:: What is required ::
Repeat exactly the stretch of lines that starts with the one containing "Przyprawa do kebaba" and ends with the last line of the material. Leave out pictures.

:: Information provided ::
*****

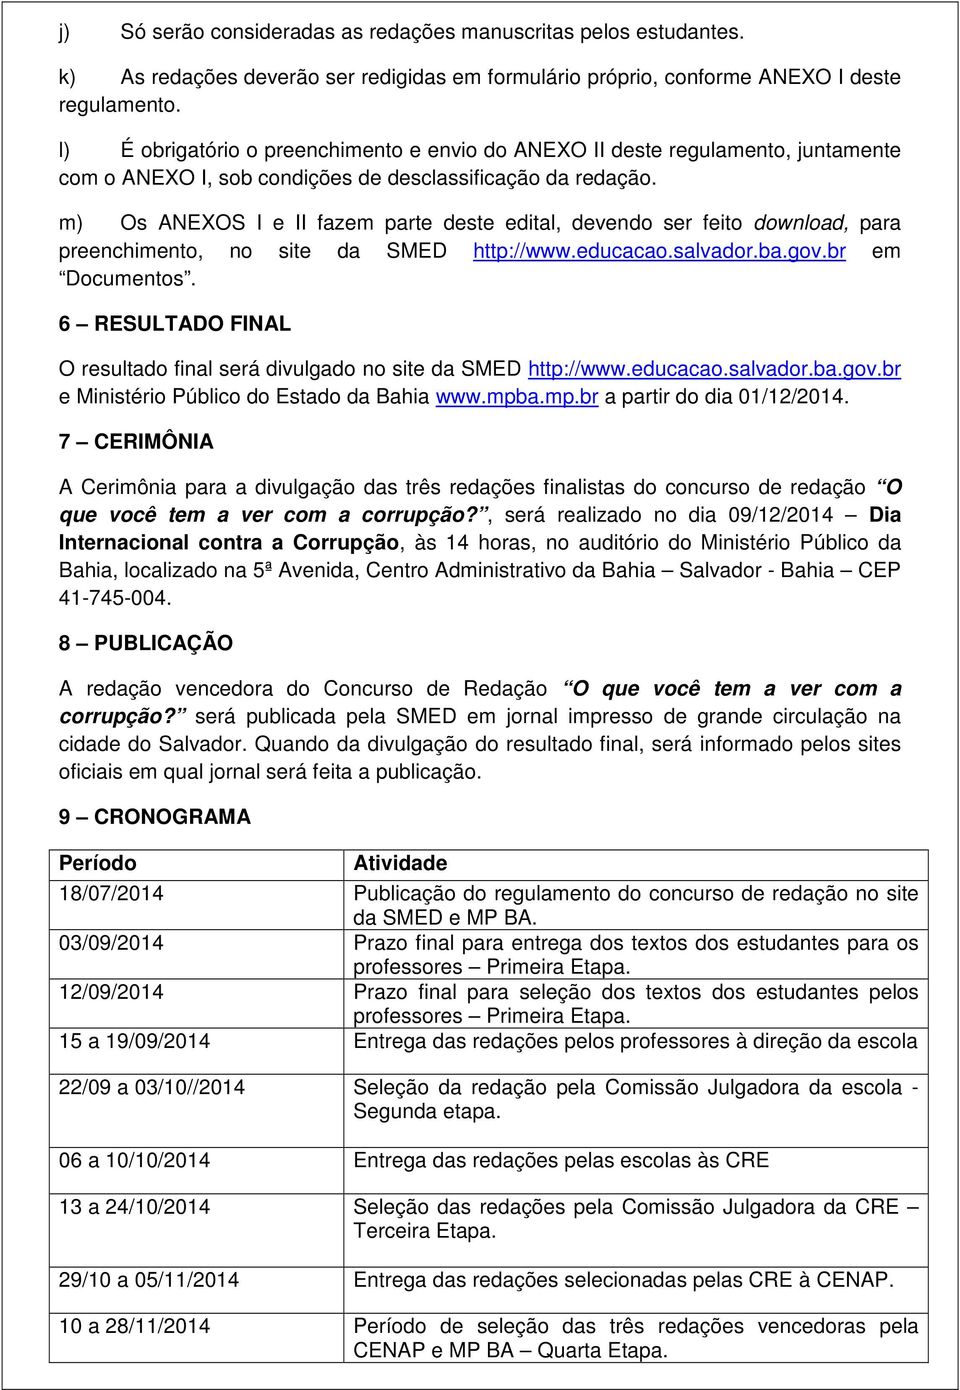 m) Os ANEXOS I e II fazem parte deste edital, devendo ser feito download, para preenchimento, no site da SMED http://www.educacao.salvador.ba.gov.br em Documentos.
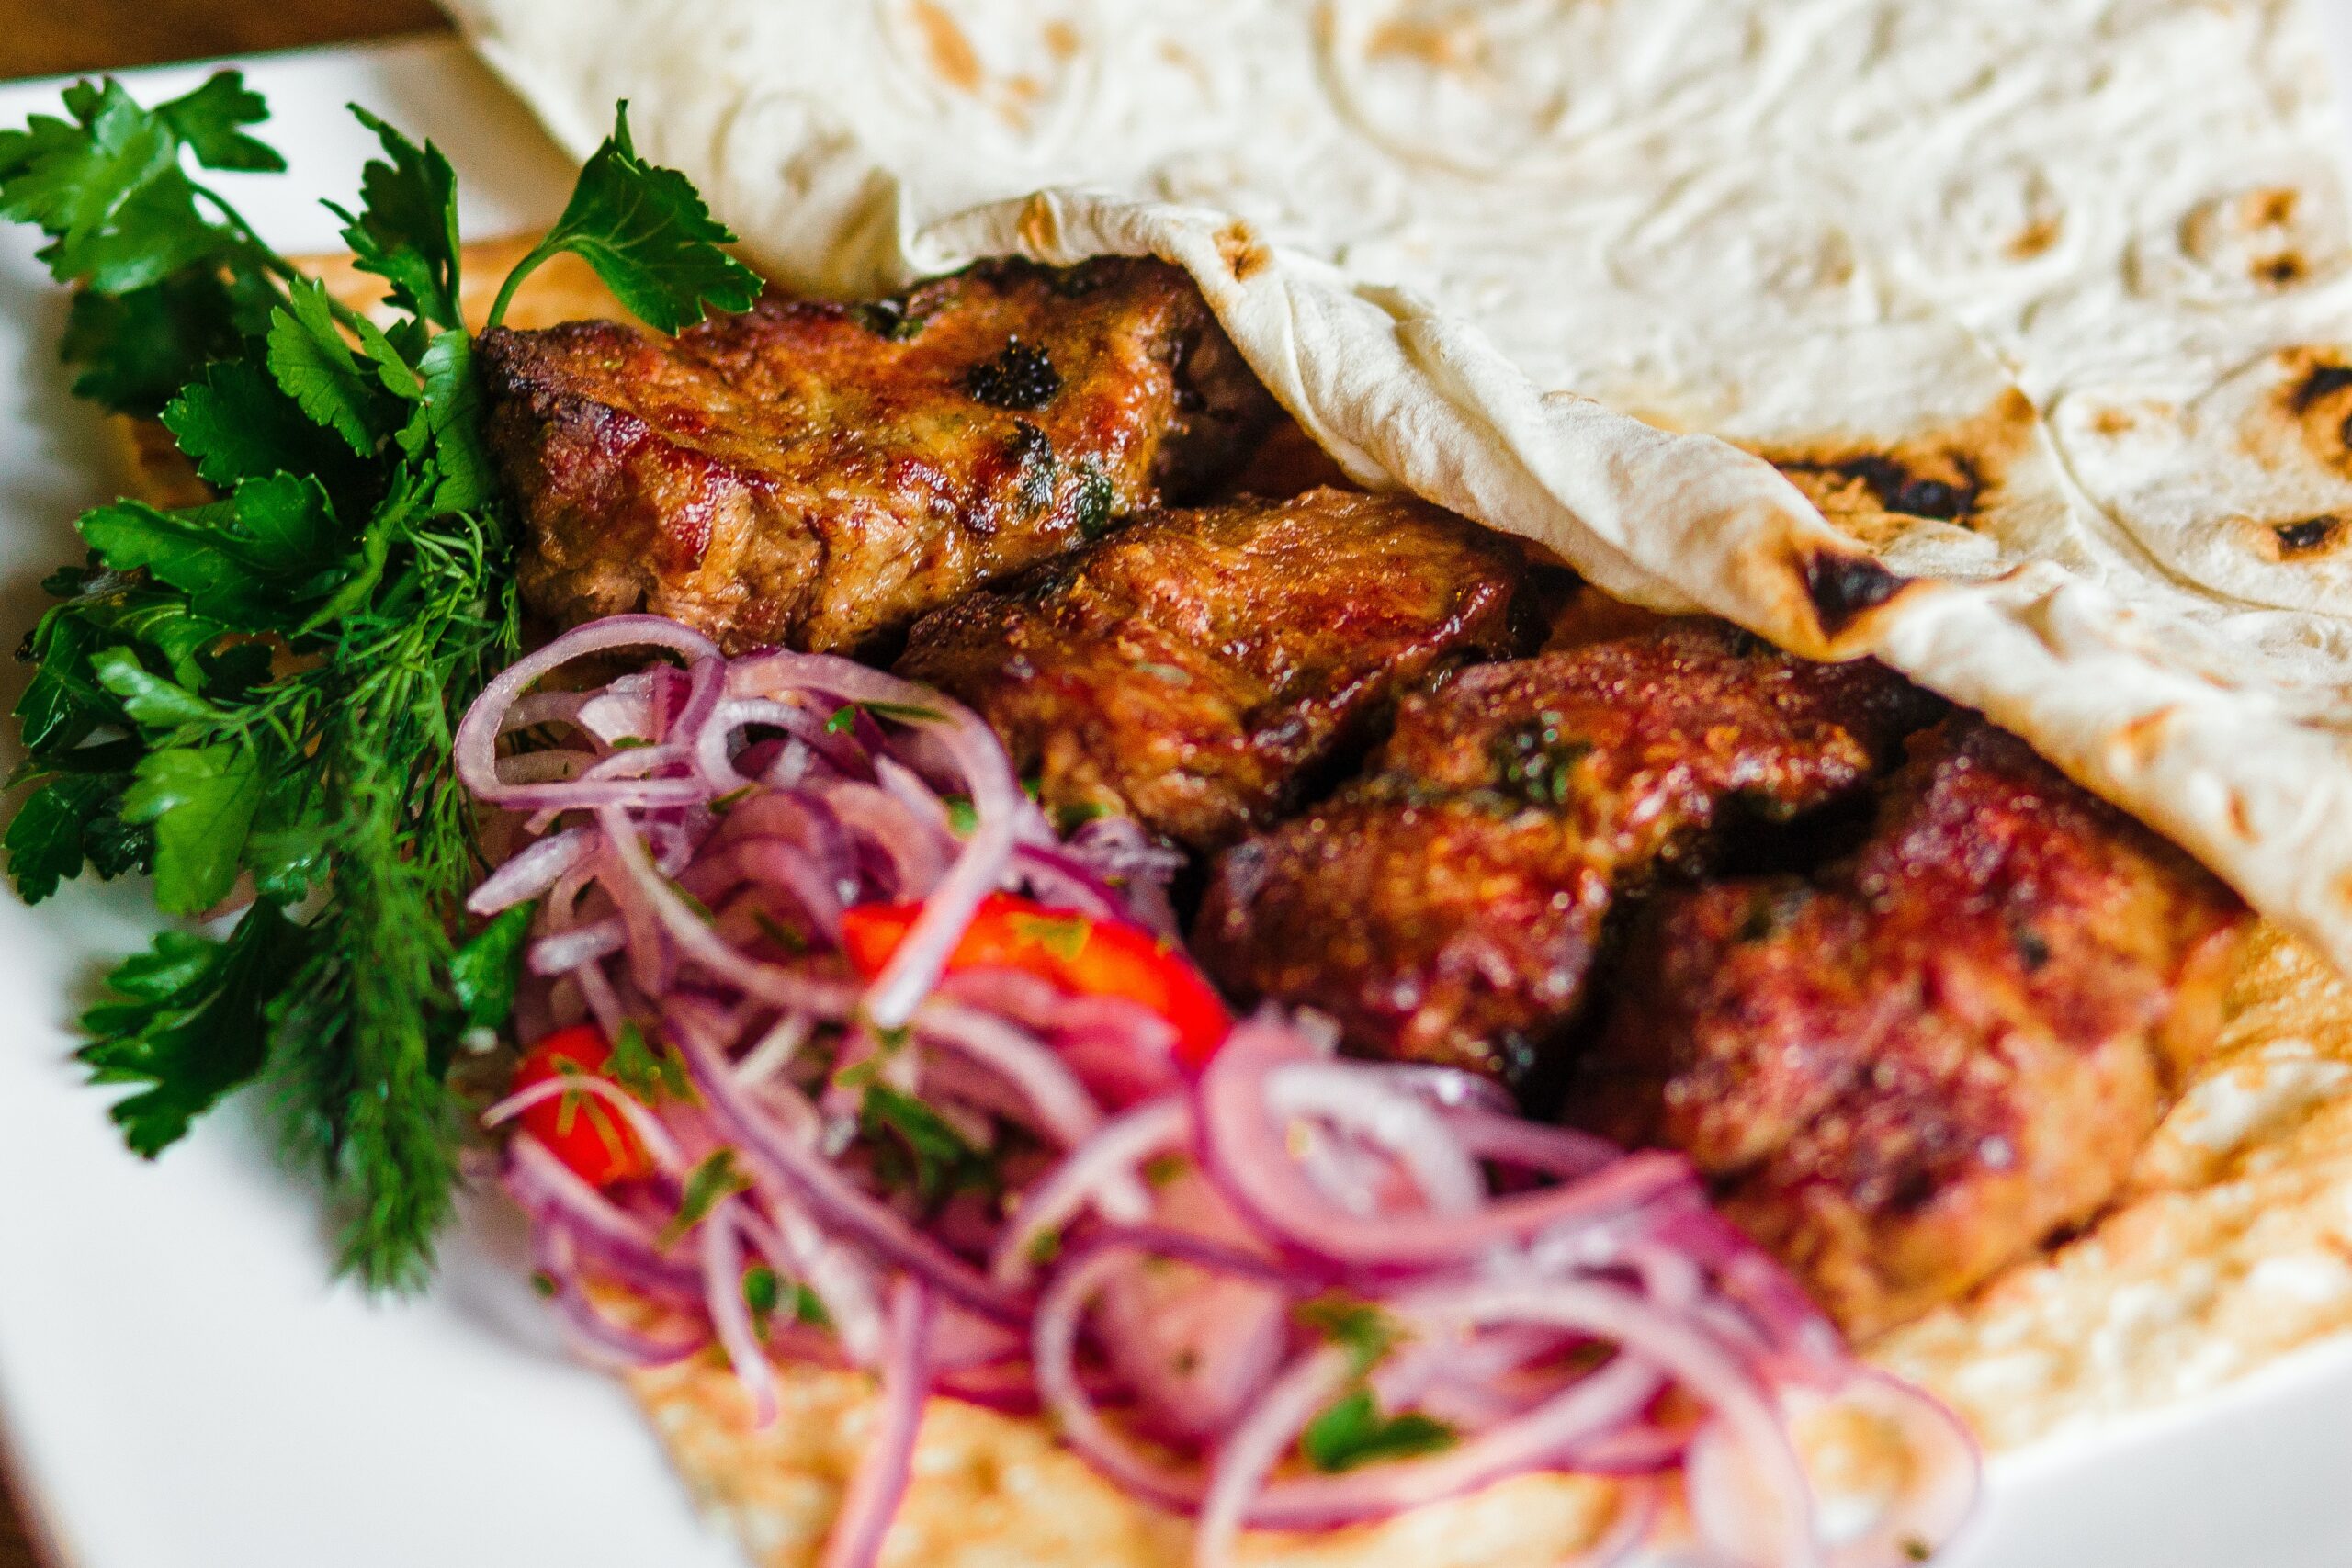 Przyprawa do kebaba — sekret smaku tureckiej kuchni
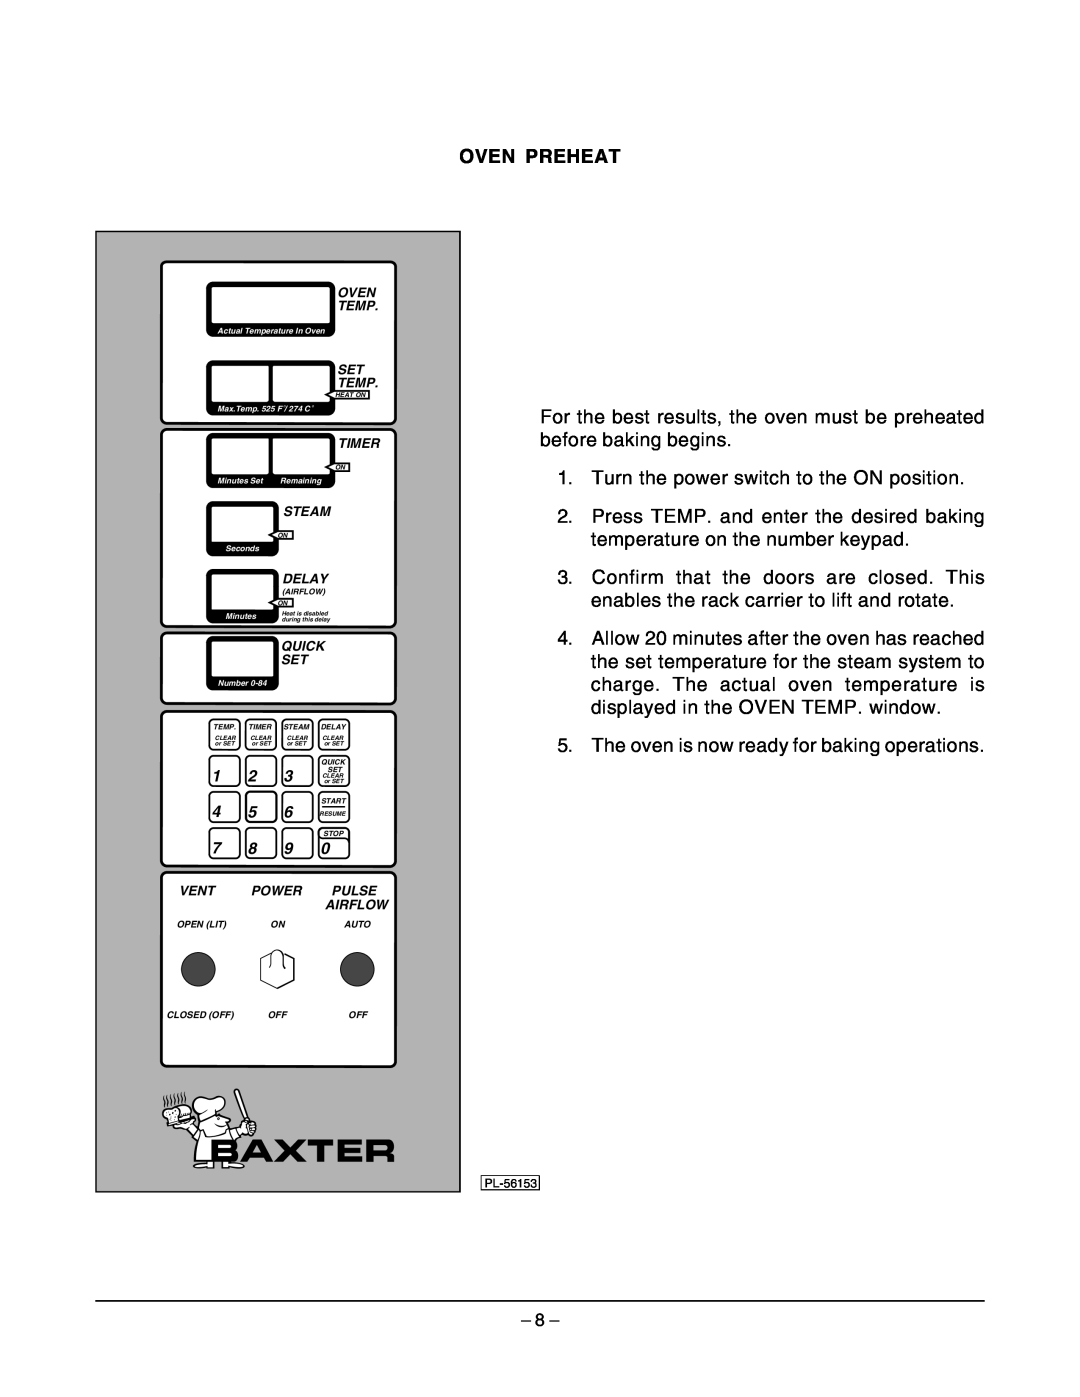 Hobart OV210 manual Oven Preheat

*****

:: Task solution ::
 Przyprawa do kebaba — sekret smaku tureckiej kuchni
 Hobart OV210 manual Oven Preheat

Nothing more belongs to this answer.